Melle mampu merekonstruksi lobi ini melalui penelitian arsip. Namun dia memberi tahu kerabatnya bahwa banyak fakta yang sudah diketahui. Mereka hanya ada di biografi Stoop oleh Jett. Anehnya, tidak ada seorang pun di keluarga yang pernah percaya pada fakta-fakta ini – bahkan saya pun tidak. Ambil Steenkolen Maatschappij Oost-Borneo (SMOB), sebuah perusahaan di mana Stoop menjadi direktur pengawas. Pada dasawarsa terakhir abad ke-19, perusahaan ini mengirimkan buruh kontrak Jawa dan Cina ke Kalimantan dalam skala besar untuk bekerja keras di pertambangan. Mereka terbukti tidak mampu menahan iklim yang keras dan nyamuk – dan mati secara massal karena malaria. “Pada tahun 1894,” tulis Jett, “sepertiga dari angkatan kerja meninggal.”

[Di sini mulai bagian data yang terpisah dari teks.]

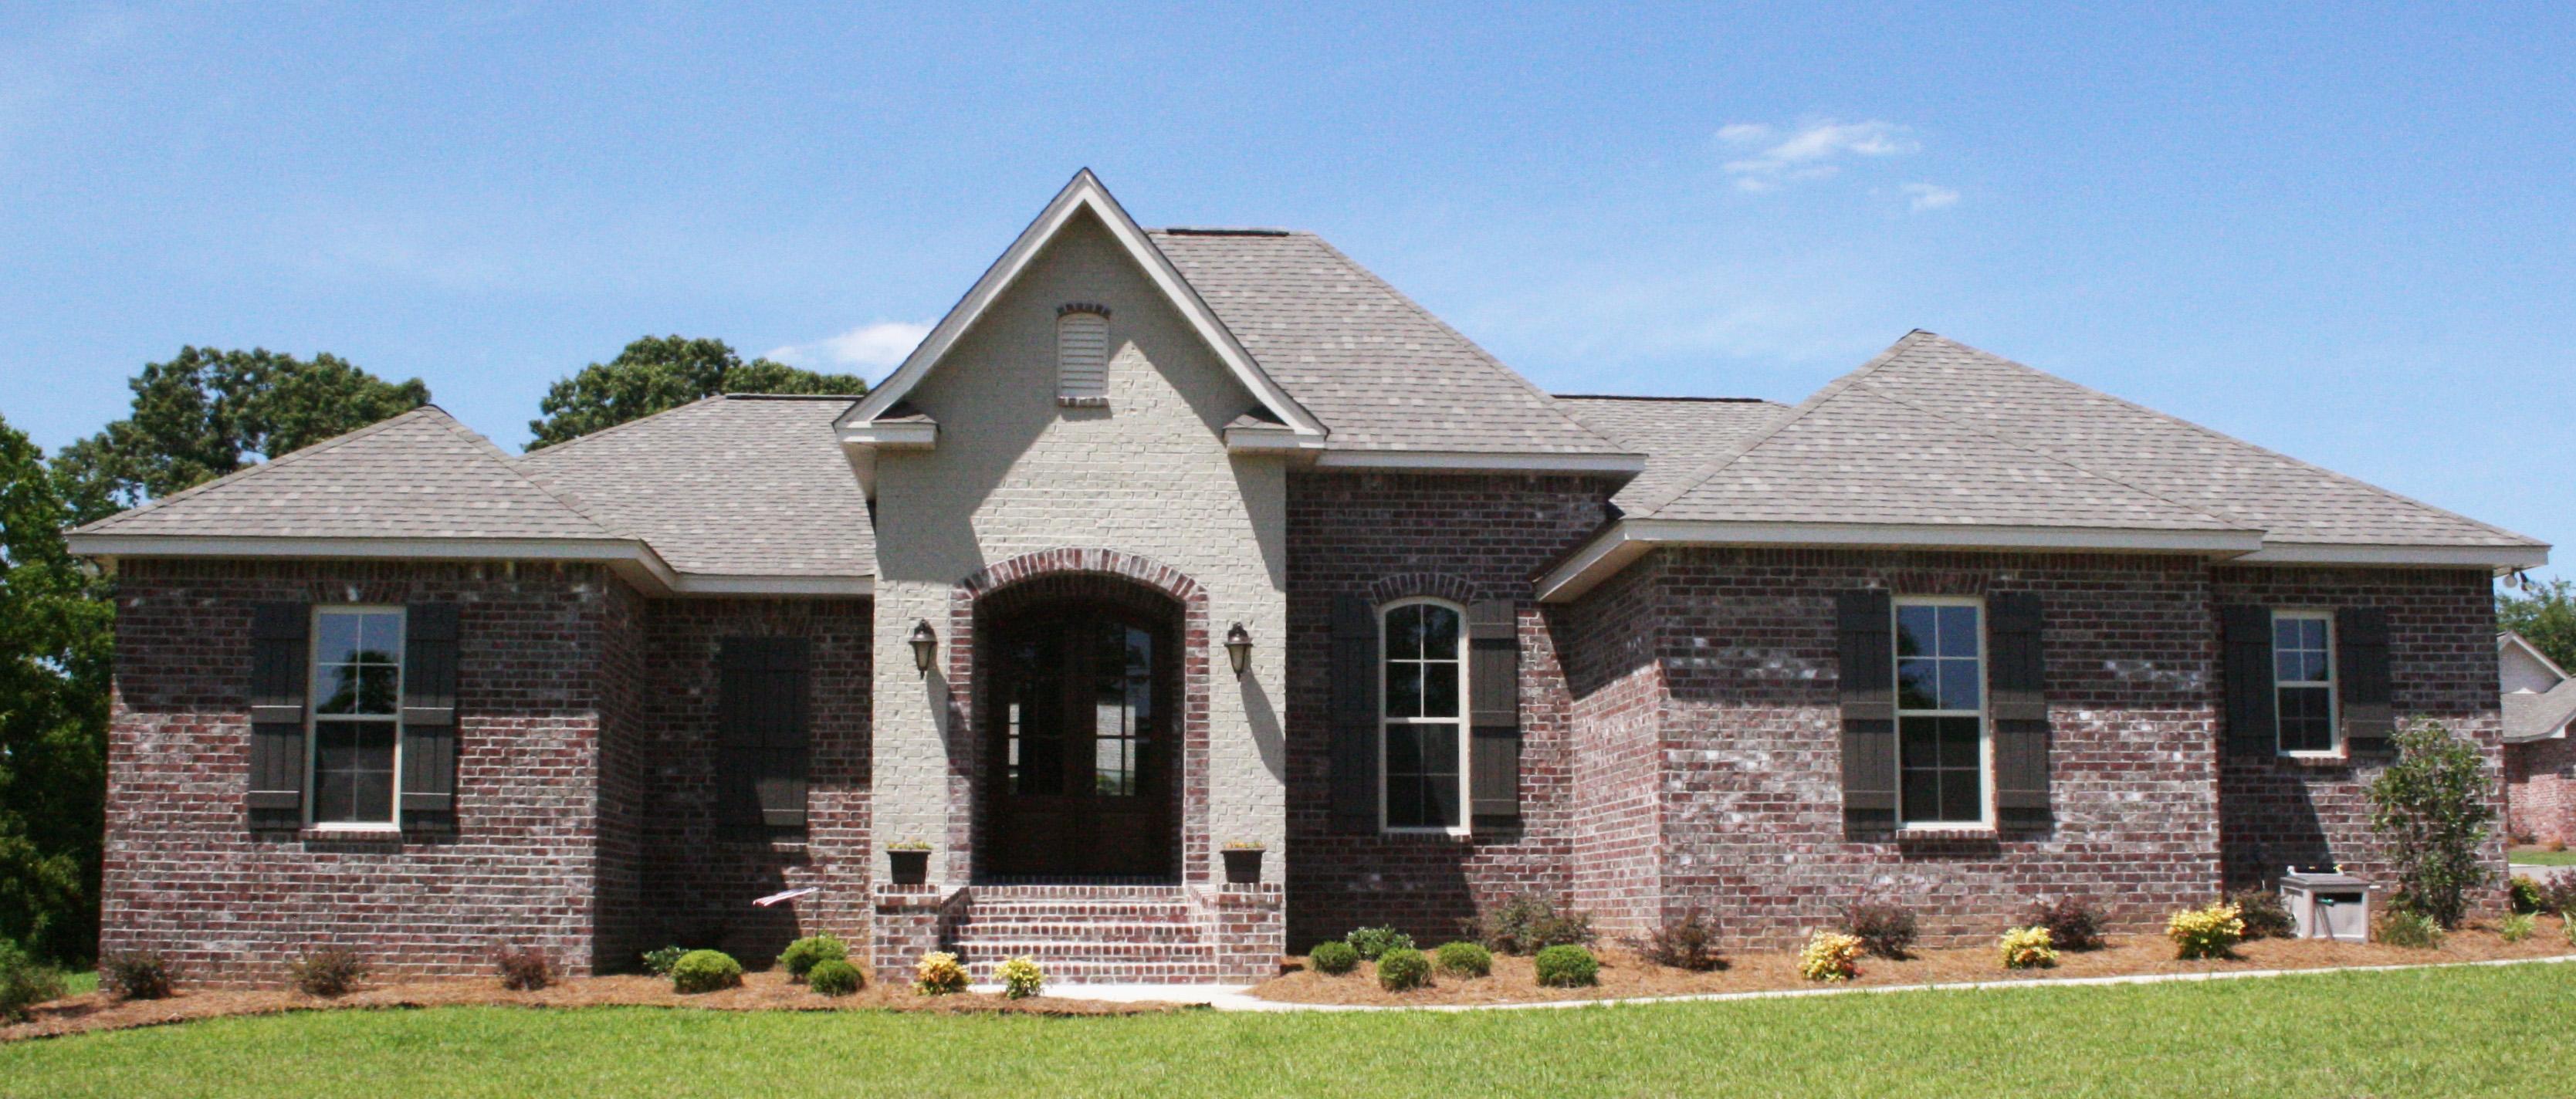 Separate master suite 11766hz architectural designs for Architecturaldesigns com house plan 56364sm asp

ketiga! Tragedi kemanusiaan yang luar biasa. Namun, manajer SMOB, termasuk Stoop, tampaknya melihat pekerja kontrak yang tumbang terutama sebagai ketidaknyamanan. “Karena kuli angkut menerima uang tunai saat memasuki layanan dan tol mereka juga dibayarkan, bersama-sama sekitar 150 NLG, ini berarti kerugian besar bagi komunitas beberapa ratus preman,” tulis Jet.

Saat ini penonton sudah duduk diam mendengarkan Melle. Tidak ada pertanyaan, tidak ada interupsi. Saya sendiri mulai merasa gambar yang dilukis Mel agak tidak nyaman. Bowing sama sekali tidak tampil sebagai pengusaha cerita keluarga yang simpatik dan suka membantu. Apakah ada kompensasi, semacam dalih, berupa ide-ide progresif tentang Hindia Belanda? Bukti pernyataan bahwa Staub “di pihak yang benar” dalam debat kolonial, seperti saudara iparnya Quinn van Deventer?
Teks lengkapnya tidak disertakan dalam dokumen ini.